• **What is being asked**
Write out, word for word and with no pictures, each line below from the one containing "Polo Ralph Lauren Double-Knit Jogger Pant" through the one containing "Motobatt MBT14B4 Battery", both included, and no other line.

• **Material to process**
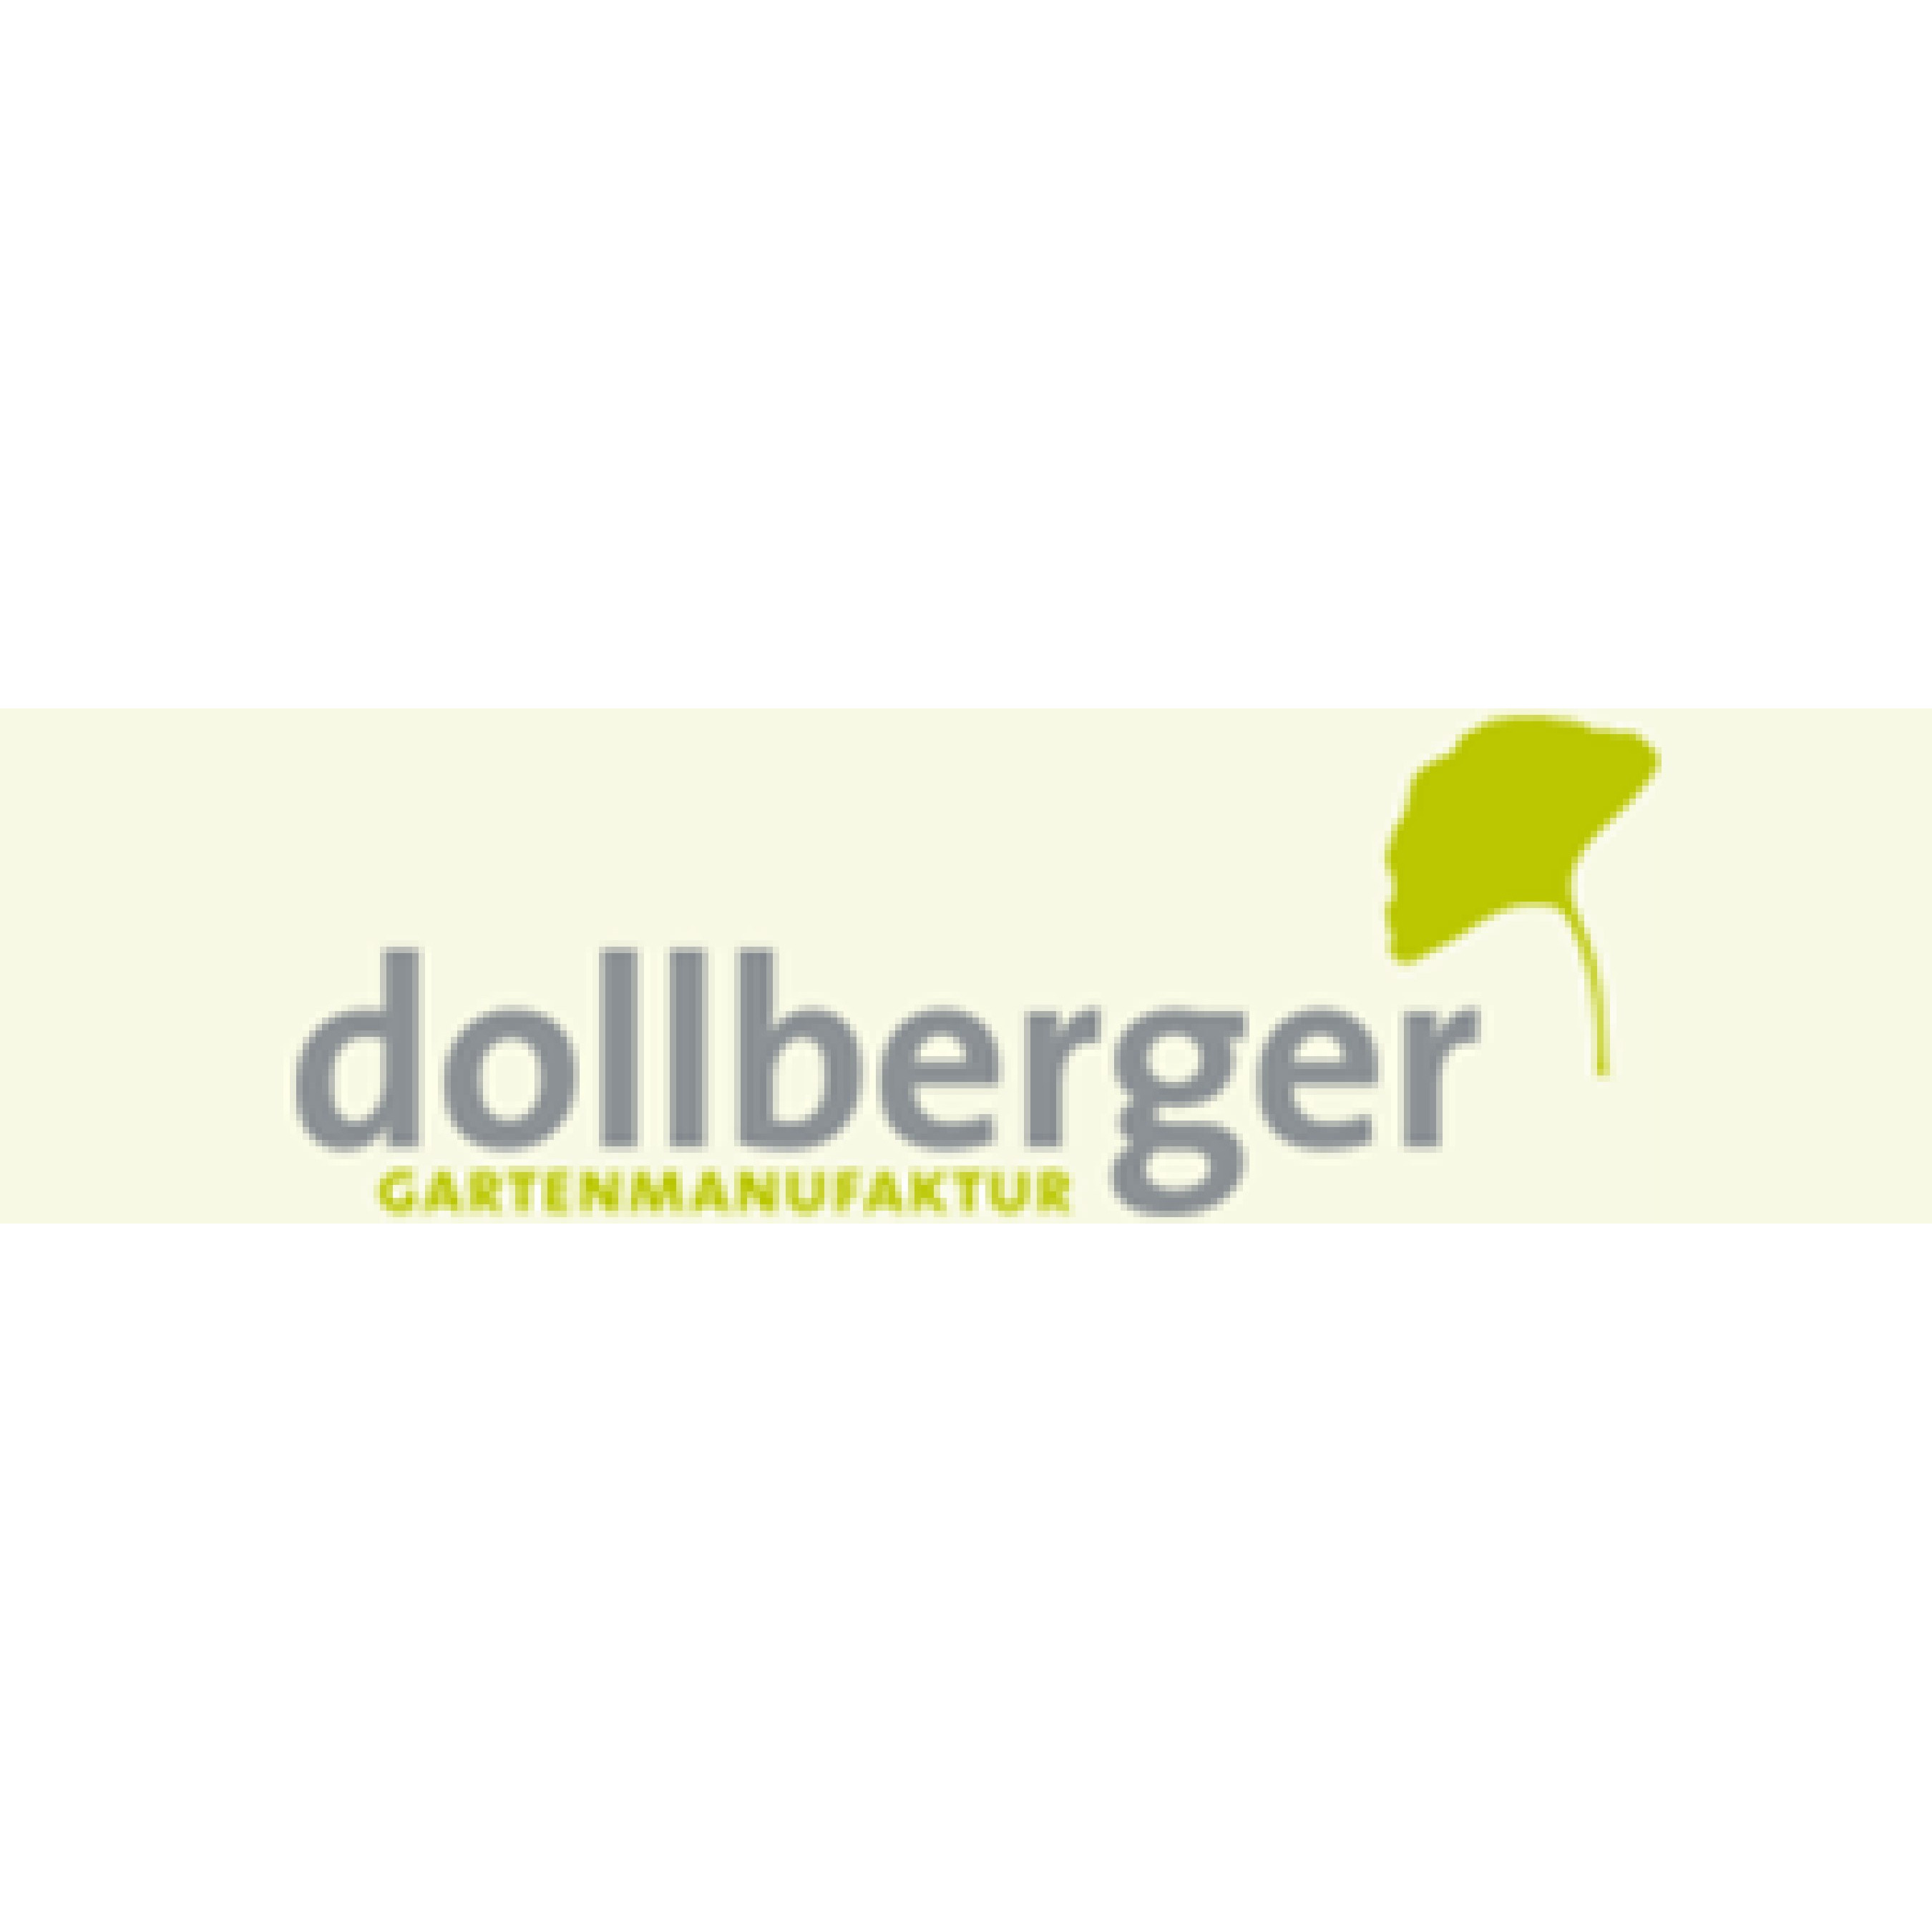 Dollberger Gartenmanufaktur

* * *

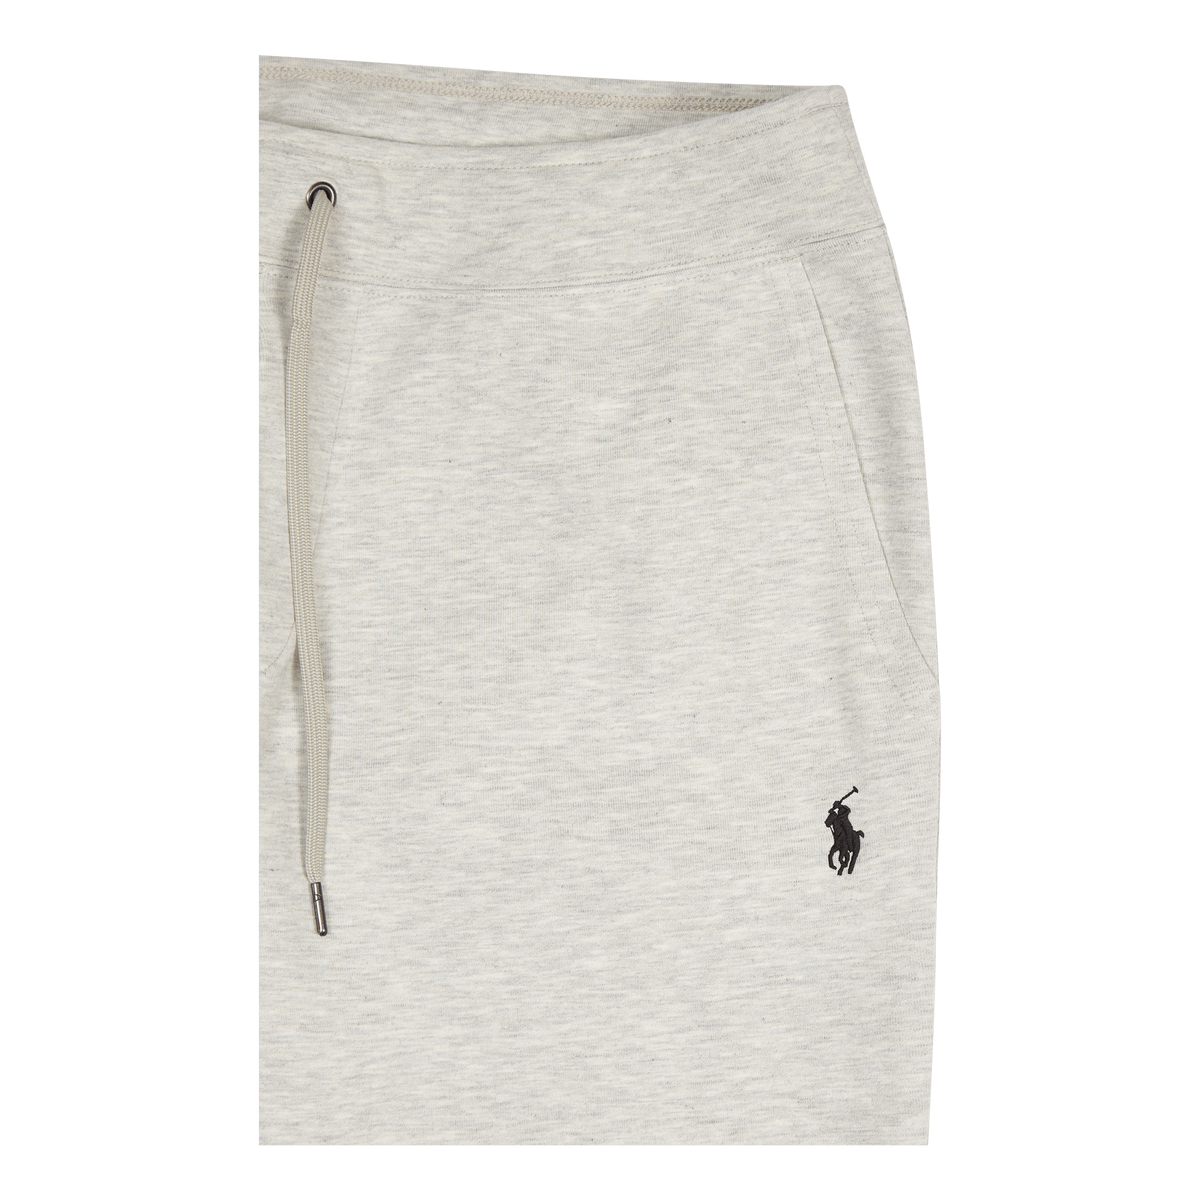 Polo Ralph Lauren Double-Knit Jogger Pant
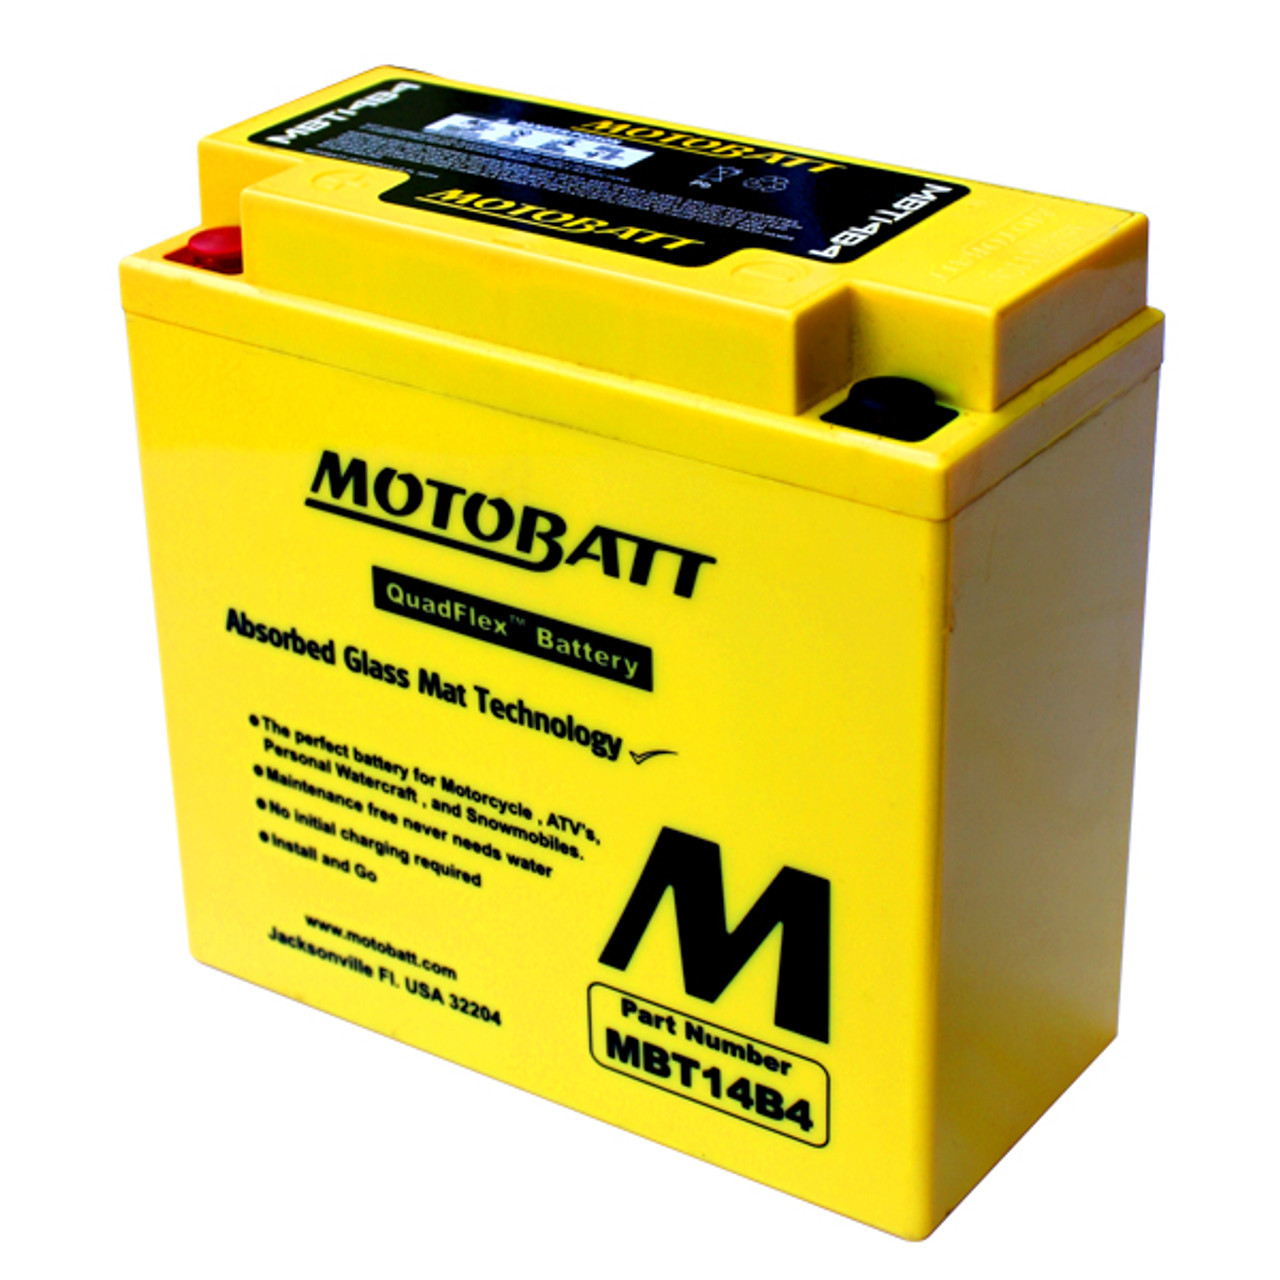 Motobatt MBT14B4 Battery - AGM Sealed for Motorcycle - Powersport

• **Output of the exercise**
 Polo Ralph Lauren Double-Knit Jogger Pant
 Motobatt MBT14B4 Battery - AGM Sealed for Motorcycle - Powersport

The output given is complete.